Il résulte par ailleurs des articles 312 et 313 du code civil que l’enfant conçu ou né pendant le mariage a pour père le mari et que la présomption de paternité est écartée lorsque l’acte de naissance de l’enfant ne désigne pas le mari en qualité de père.
En l’espèce, B est née pendant le mariage. Il résulte de son acte de naissance que Madame H I-A y est désignée comme étant sa mère et que Monsieur E X, y est désigné en qualité de père.
Le principe n’étant pas remis en cause, il convient par conséquent de constater que Madame H I-A et Monsieur E X exercent en commun l’autorité parentale à l’égard de l’enfant B.
- 9 -
Il convient de rappeler que son exercice implique que :
- les parents doivent prendre ensemble les décisions importantes concernant l’enfant et notamment celles relatives à la scolarité, la santé, l’éducation religieuse, la pratique d’un sport dangereux,…

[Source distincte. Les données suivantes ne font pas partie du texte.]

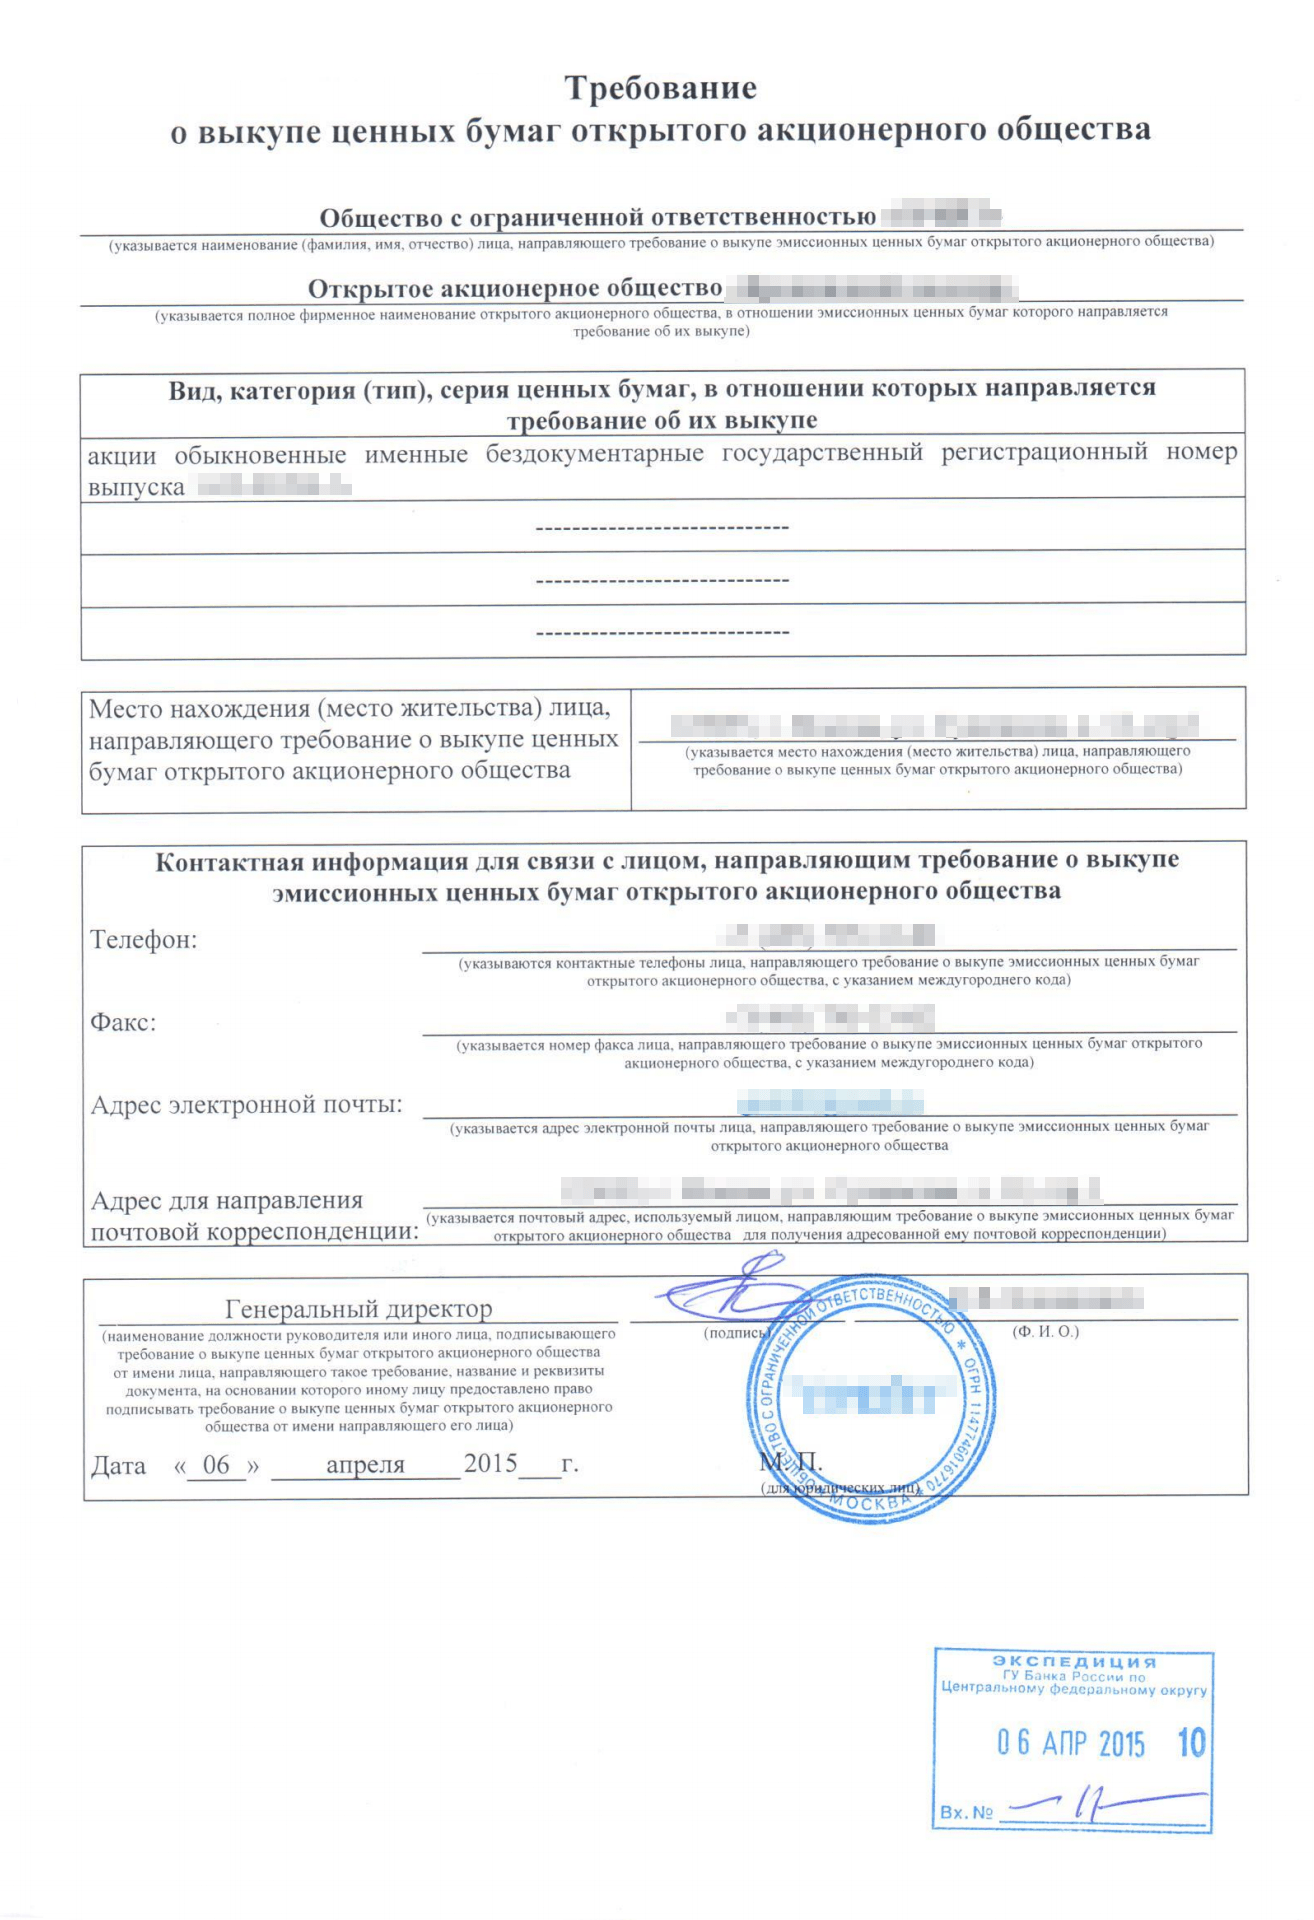 Первая страница требования о выкупе акций ОАО«Бронницкий ювелир»

- chacun informe l’autre de l’organisation de la vie de l’enfant (scolarité, pratique d’une activité sportive ou associative, traitements et soins médicaux, loisirs…),
- chacun des parents respecte les échanges et les liens de l’enfant avec l’autre parent dans le respect du cadre et des choix de vie de chacun.
L’article 372-2 du code civil précise qu’à l’égard des tiers de bonne foi, chacun des parents est réputé agir avec l’accord de l’autre, quand il fait seul un acte usuel de l’autorité parentale relativement à la personne de l’enfant. Sont considérés comme des actes usuels, les actes de la vie quotidienne, sans gravité, qui n’engagent pas l’avenir de l’enfant.
Les parents doivent par ailleurs s’informer mutuellement et en temps utile du changement de lieu de vie de l’enfant, afin qu’ils puissent organiser les éventuelles conséquences, conformément à l’article 373-2 du code civil.
Sur la résidence des enfants :
Aux termes de l’article 373-2-9 du code civil, la résidence de l’enfant peut être fixée en alternance au domicile de chacun des parents ou au domicile de l’un d’entre eux.
Aux termes de l’article 373-2-11 du code civil, lorsqu’il se prononce sur les modalités d’exercice de l’autorité parentale, le juge prend notamment en considération :
1. La pratique que les parents avaient précédemment suivie ou les accords qu’ils avaient pu antérieurement conclure,
2. Les sentiments exprimés par l’enfant mineur dans les conditions prévues à l’article 388-1,
3. L’aptitude de chacun des parents à assumer ses devoirs et respecter les droits de l’autre,
4. Le résultat des expertises éventuellement effectuées, tenant compte notamment de l’âge de l’enfant,
5. Les renseignements qui ont été recueillis dans les éventuelles enquêtes et contre- enquêtes sociales prévues à l’article 373-2-12,
6. Les pressions ou violences, à caractère physique ou psychologique, exercées par l’un des parents sur la personne de l’autre.
Pour déterminer le lieu de résidence d’un enfant, doit être prise en considération la capacité des parents à se montrer le plus apte à instaurer avec l’enfant une relation affective et éducative stable et sécurisante et à lui apporter les conditions nécessaires à son équilibre et son épanouissement ; l’intérêt de l’enfant commande par principe que soient privilégiées la stabilité de son cadre de vie et la permanence de ses habitudes et références quotidiennes.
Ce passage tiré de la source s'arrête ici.